Editorial board writer Barb Shelly among top names to take a buyout at The Kansas City Star

Barb Shelly, one of the leading voices in local news, will leave the Kansas City Star, she confirmed on social media Friday morning.

Shelly, a graduate of Penn State University, has worked in several different capacities at the Star since 1984. She has been on the Star editorial board since 2004.

KCUR reported Thursday that the deadline for newsroom employees to accept buyouts came and went on Wednesday.

Also following Shelly out the door at 1729 Grand is Steve Paul, a veteran at the Star of more than 40 years. Paul is currently the editorial page editor. Also departing is Robert Trussell, the Star’s theater critic. Other names in the Star newsroom are said to have accepted buyouts, but as of this writing have not been independently confirmed and won’t be named here until they are.

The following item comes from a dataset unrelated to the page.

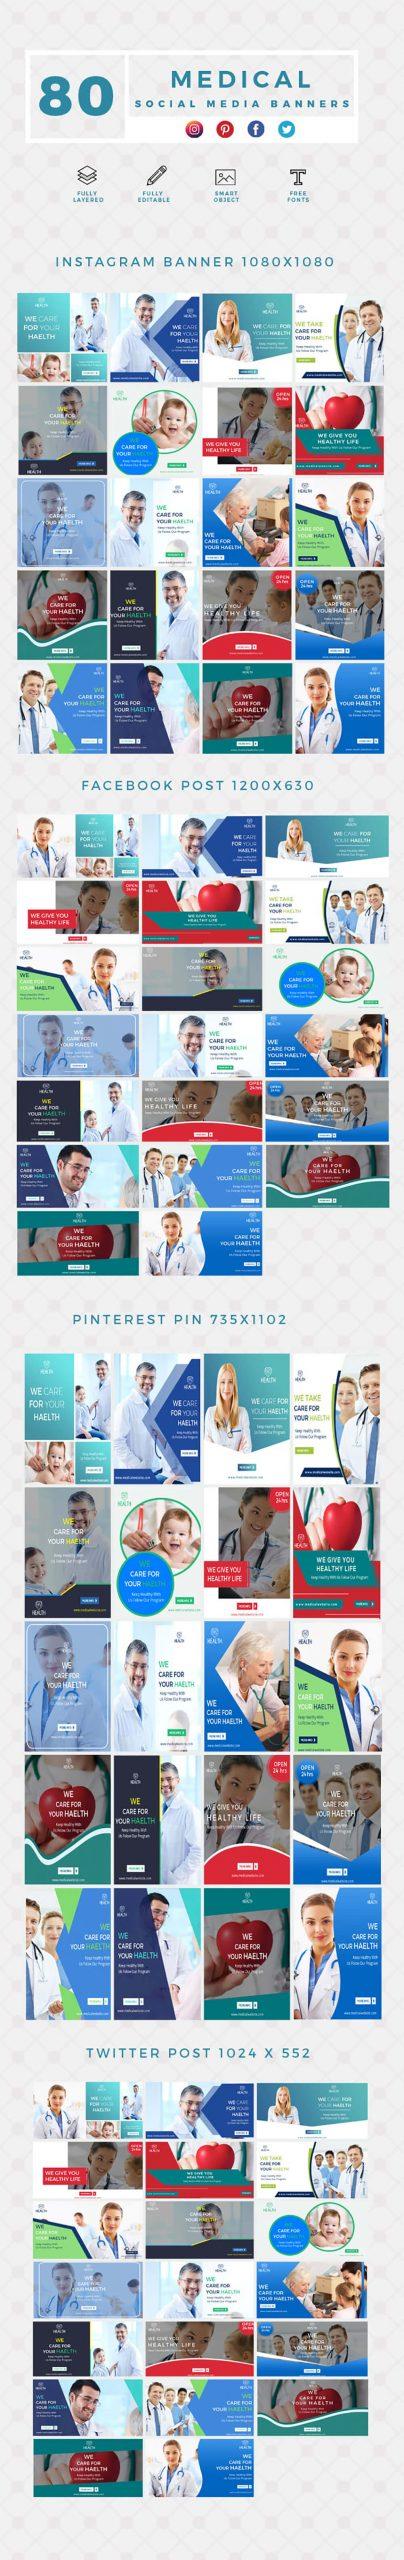 640 Social Media Banner Templates Bundle PREVIEW-MEDICAL

We will update as we learn more.

The Star’s newsroom has been harmless from buyouts offers for a year, a period of relative calm that had followed several rounds of buyouts and layoffs. The Star is owned by McClatchy, a Sacramento, California-based newspaper  company that owns 29 media properties. The Star is McClatchy’s third-largest newspaper property, based on daily circulation (157,661), behind the Ft. Worth Star-Telegram and The Sacramento Bee.

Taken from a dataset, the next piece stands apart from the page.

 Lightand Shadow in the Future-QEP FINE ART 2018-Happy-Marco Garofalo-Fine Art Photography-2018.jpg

McClatchy posted its annual report with the Securities and Exchange Commission on Wednesday. The publicly traded company, which hasn’t paid dividends to shareholders since the first quarter of 2009, was warned last month by the New York Stock Exchange, where its shares are traded, that its low stock price hasn’t met listing requirements and faces possible delisting. Generally, the NYSE requires companies trading on its exchange to have share prices above $1.

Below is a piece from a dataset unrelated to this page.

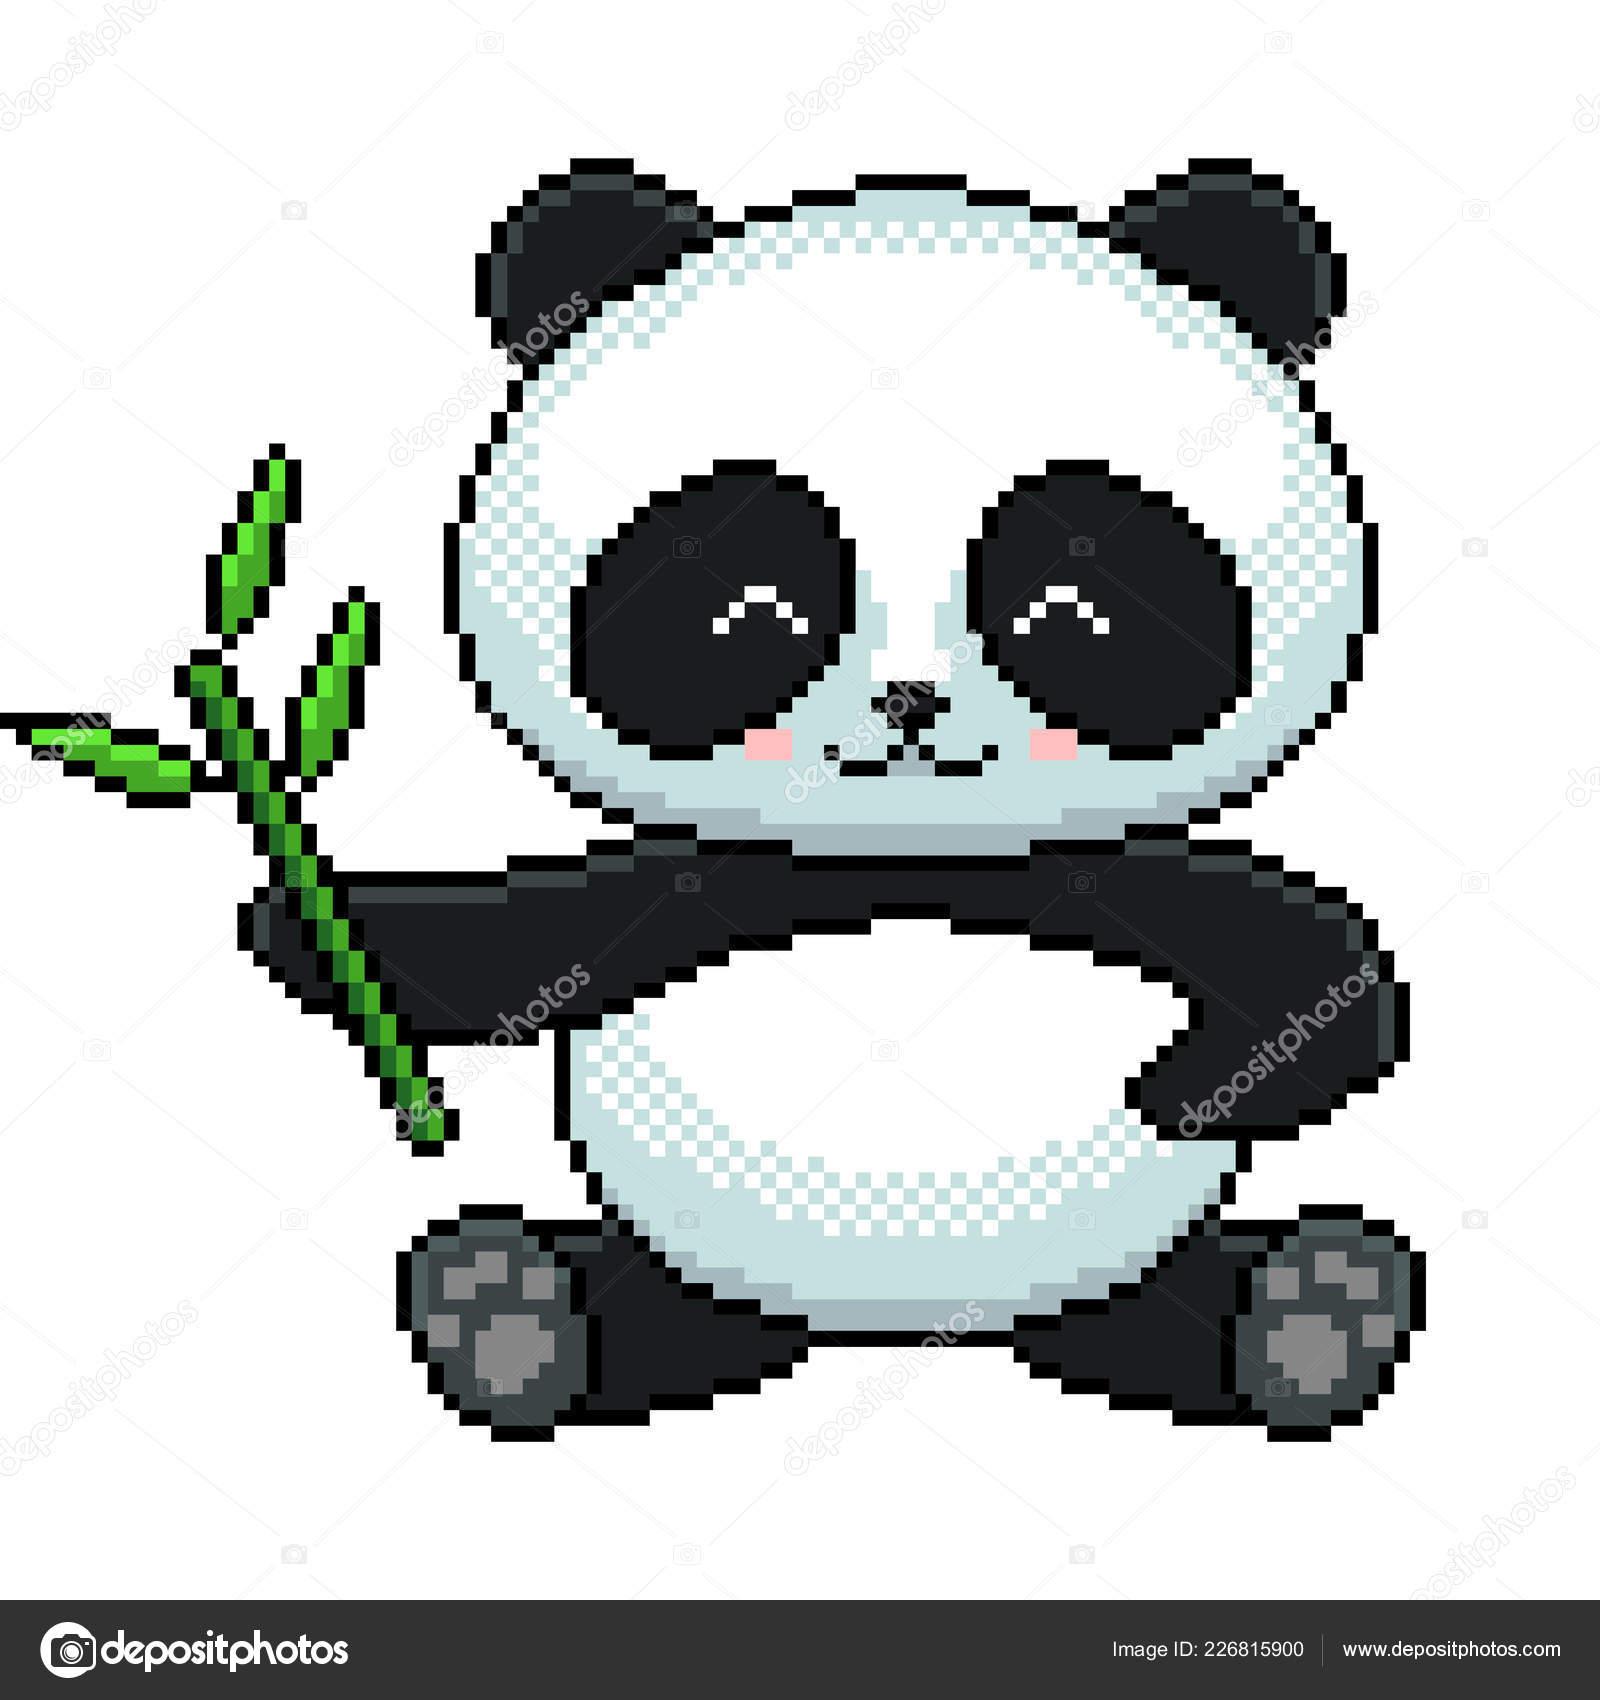 Pixel Art Cute Panda Pixel Art Cute Panda Detailed

McClatchy’s stock hit a three-month low of 87 cents per share on February 11, but the stock has grown since then, opening trading on Friday at $1.32 and likely staving off the NYSE’s delisting threat.

McClatchy’s financial realities were laid bare in the annual report. The company still makes most of its revenue — 60 percent — from advertising, which has been on a steady decline. In 2011, McClatchy made $936 million in advertising revenue and $1.3 billion in overall revenue. In 2015, the company realized $637 million in advertising revenue, and $1.05 billion in overall revenue. While audience revenues have grown since that time, it’s not been enough to offset losses in advertising. McClatchy posted an operating loss of $245 million in 2015. McClatchy continues to be burdened by debt that it incurred when it bought several media properties, including the Star, from Knight-Ridder in 2006. As of December 27, 2015, it has $937 million in outstanding indebtedness. Meanwhile, its pension obligations have increased.

All of which is to say that these latest buyouts mark another sad chapter in the troubles that face print media in this town and elsewhere. In an age where bashing “mainstream media” is as fashionable as not owning a television and telling everyone about it, such attitudes overlook the importance of having a strong media in local communities. And to have a strong media, you need to have people to do the work. At the Star, here and elsewhere, there are fewer people left to tell the stories that need to be told. There’s no joy in telling this story.

When local print media struggles, there are no winners — except perhaps for those people and institutions that need to be examined.